== TASK TO CARRY OUT ==
Your copy of the data should leave out the images and match everything else exactly.

== PROVIDED DATA ==
◆ ◆ ◆

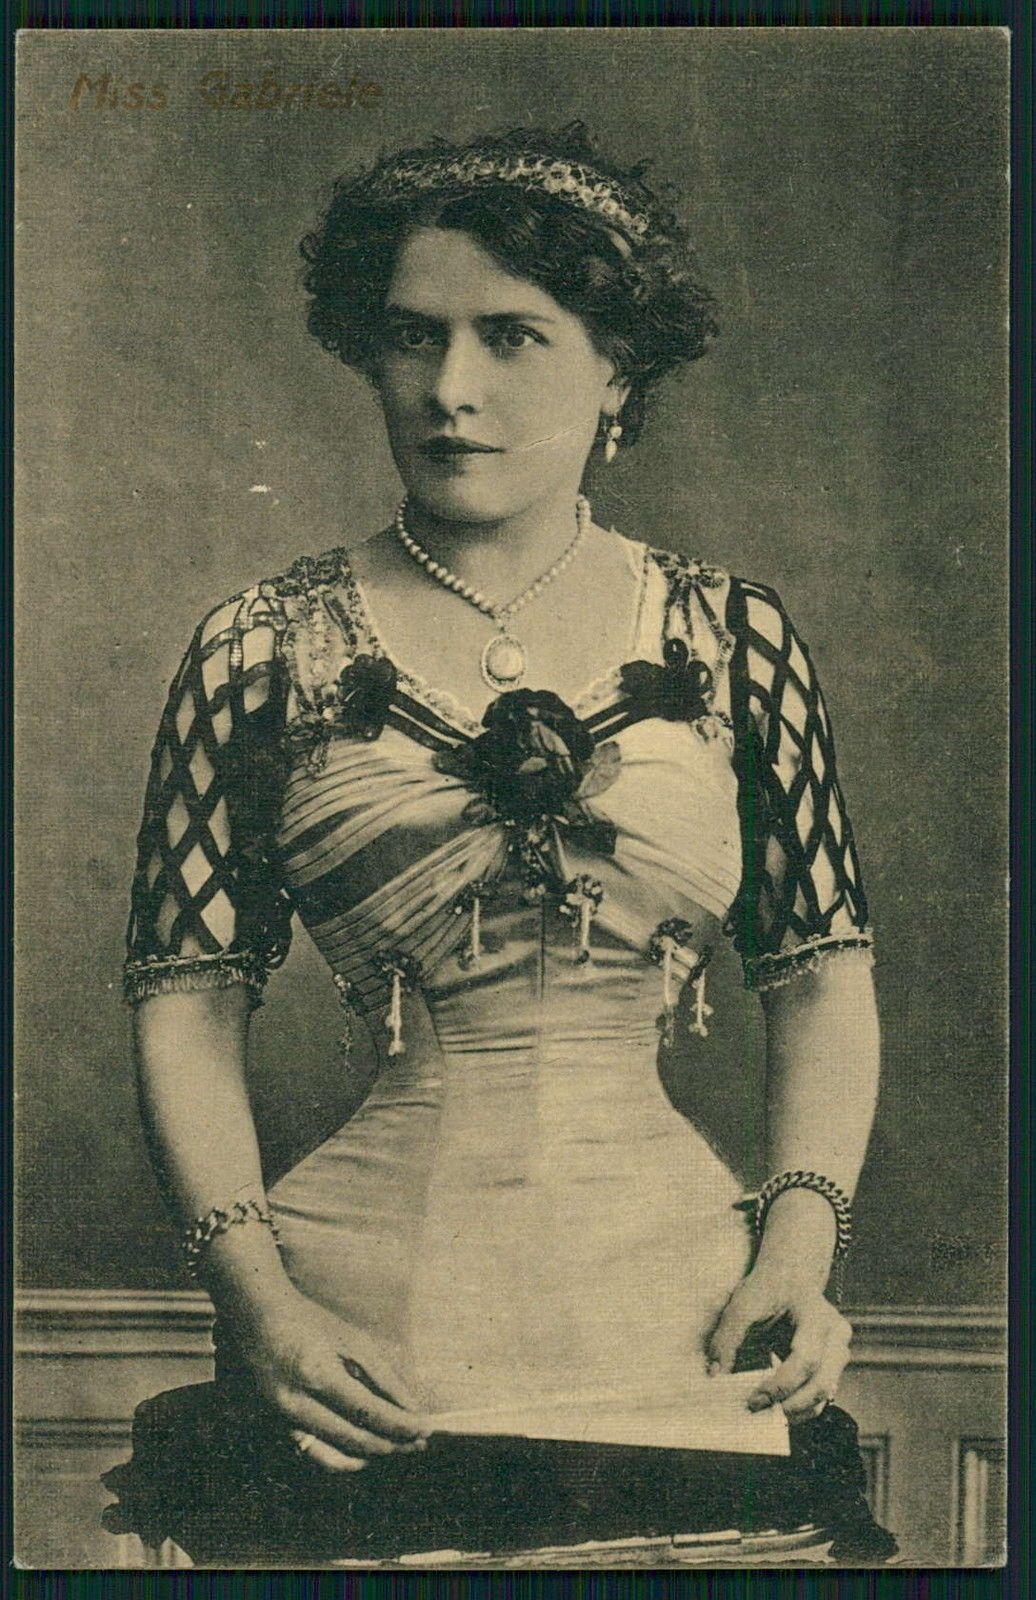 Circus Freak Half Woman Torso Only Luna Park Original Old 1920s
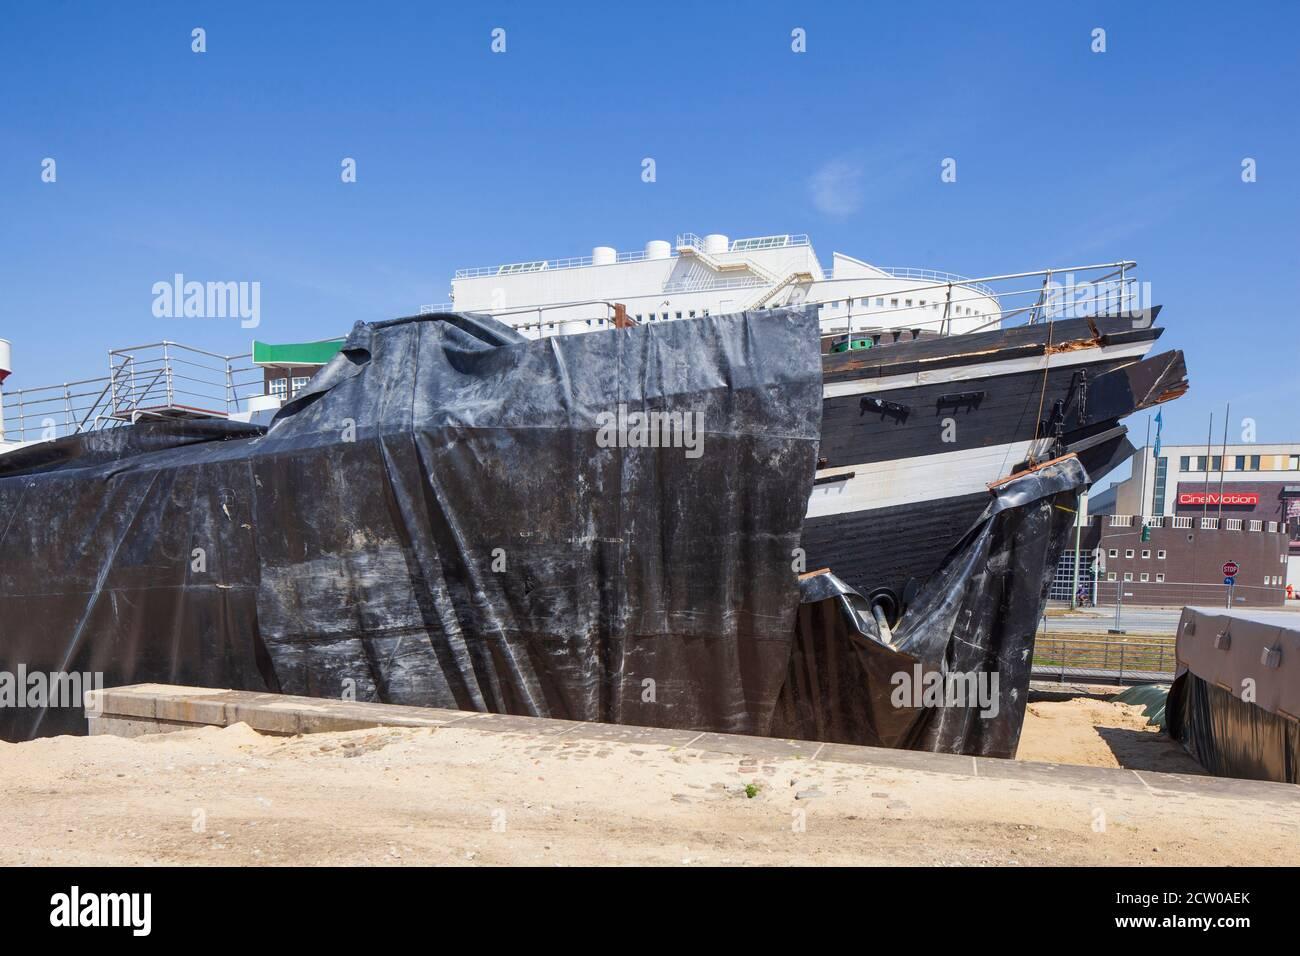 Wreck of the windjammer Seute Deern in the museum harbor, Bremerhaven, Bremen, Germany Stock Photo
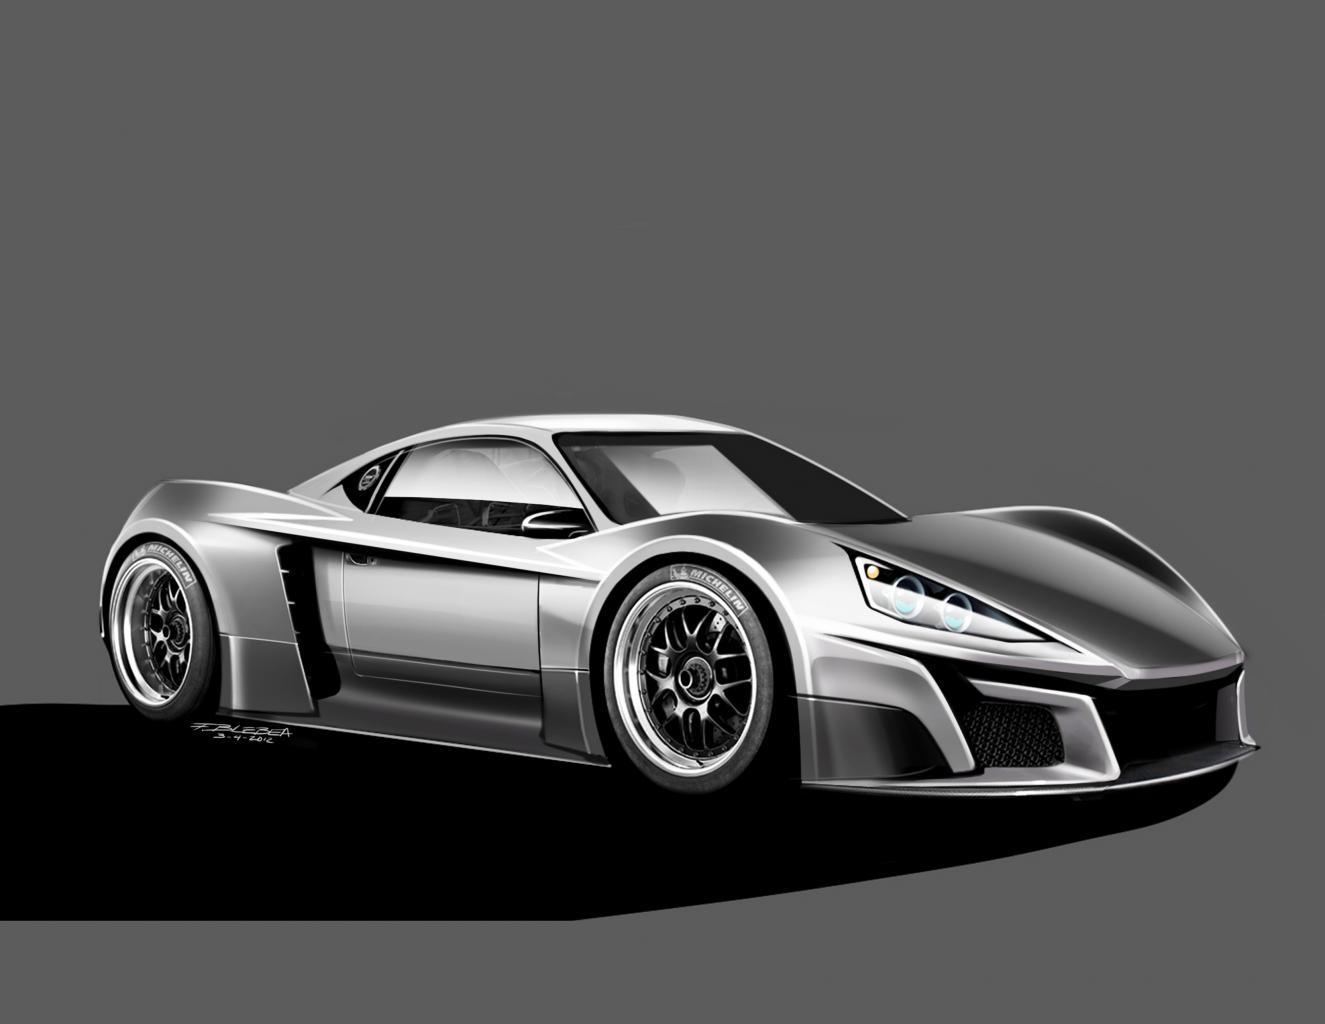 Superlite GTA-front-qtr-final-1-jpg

◆ ◆ ◆

== YOUR RESPONSE ==
 Circus Freak Half Woman Torso Only Luna Park Original Old 1920s
 Wreck of the windjammer Seute Deern in the museum harbor, Bremerhaven, Bremen, Germany Stock Photo
 Superlite GTA-front-qtr-final-1-jpg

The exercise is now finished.